Ferroelectric FET Based Time-Mode Multiply-Accumulate Accelerator:
Design and Analysis
Abstract
General-purpose multiply-accumulate (MAC) accelerators have become
inevitable in the IoT edge devices for performing computationally
intensive tasks such as deep learning, signal processing, combinatorial
optimization, etc. The throughput and the energy-efficiency of the
conventional digital processors and MAC accelerators are limited due to
their sparse design owing to the von-Neumann architecture. Although
mixed-signal time-mode MAC accelerators utilizing emerging non-volatile
memories appear promising owing to their ability to perform in-memory
MAC operation via the physical laws, their application is limited due to
their incompatibility and complex integration with the CMOS-process,
high sensitivity to process variations, large operating voltage/cell
currents, etc. To mitigate these issues, in this work, we propose a
time-mode MAC accelerator based on ferroelectric-FinFETs with
CMOS-compatible doped-HfO2 in the gate stack. Our rigorous analysis
reveals a trade-off between the performance metrics such as
computational precision, area- and energy-efficiency of the proposed MAC
accelerator. Therefore, we provide the necessary design guidelines to
further optimize the performance.

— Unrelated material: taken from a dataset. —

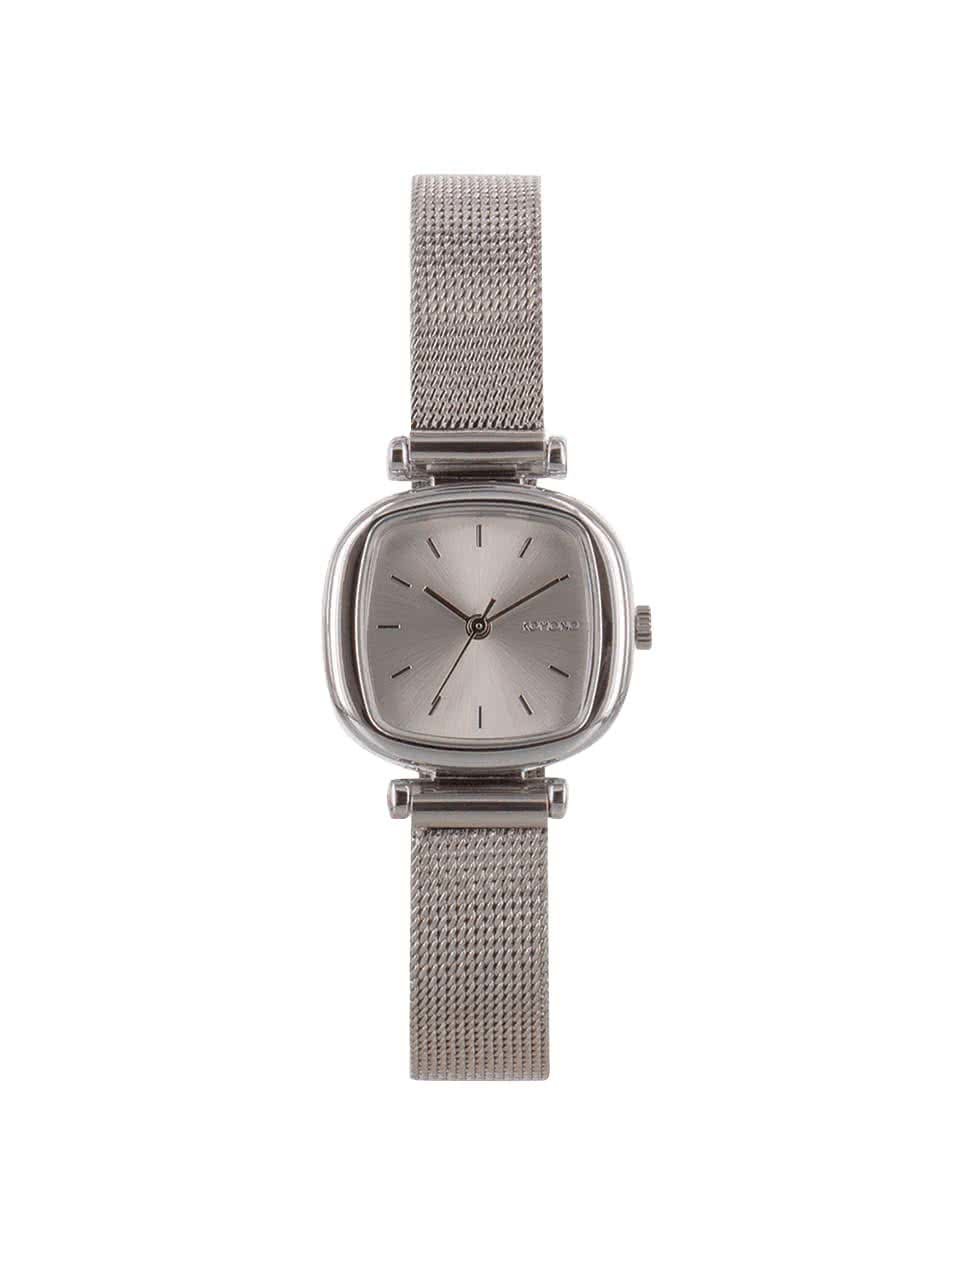 Dámské hodinky ve stříbrné barvě s nerezovým páskem Komono Moneypenny Royale Silver

Extensive design space exploration and
simulations exploiting an experimentally calibrated compact model for
the doped HfO2 ferroelectric capacitor along with 7 nm-technology PDK
from ARM (ASAP) indicates that the proposed MAC accelerator exhibits a
record energy-efficiency of 2.612 PetaOperations/Joule , a considerably
high area-efficiency of 88.5 bits/µm2 (including I/O peripheral
circuitry) , and a throughput of 4.6 TeraOps/s while supporting a 4-bit
MAC operation for a square weight matrix of size 200×200 which is
sufficient for realistic inference tasks.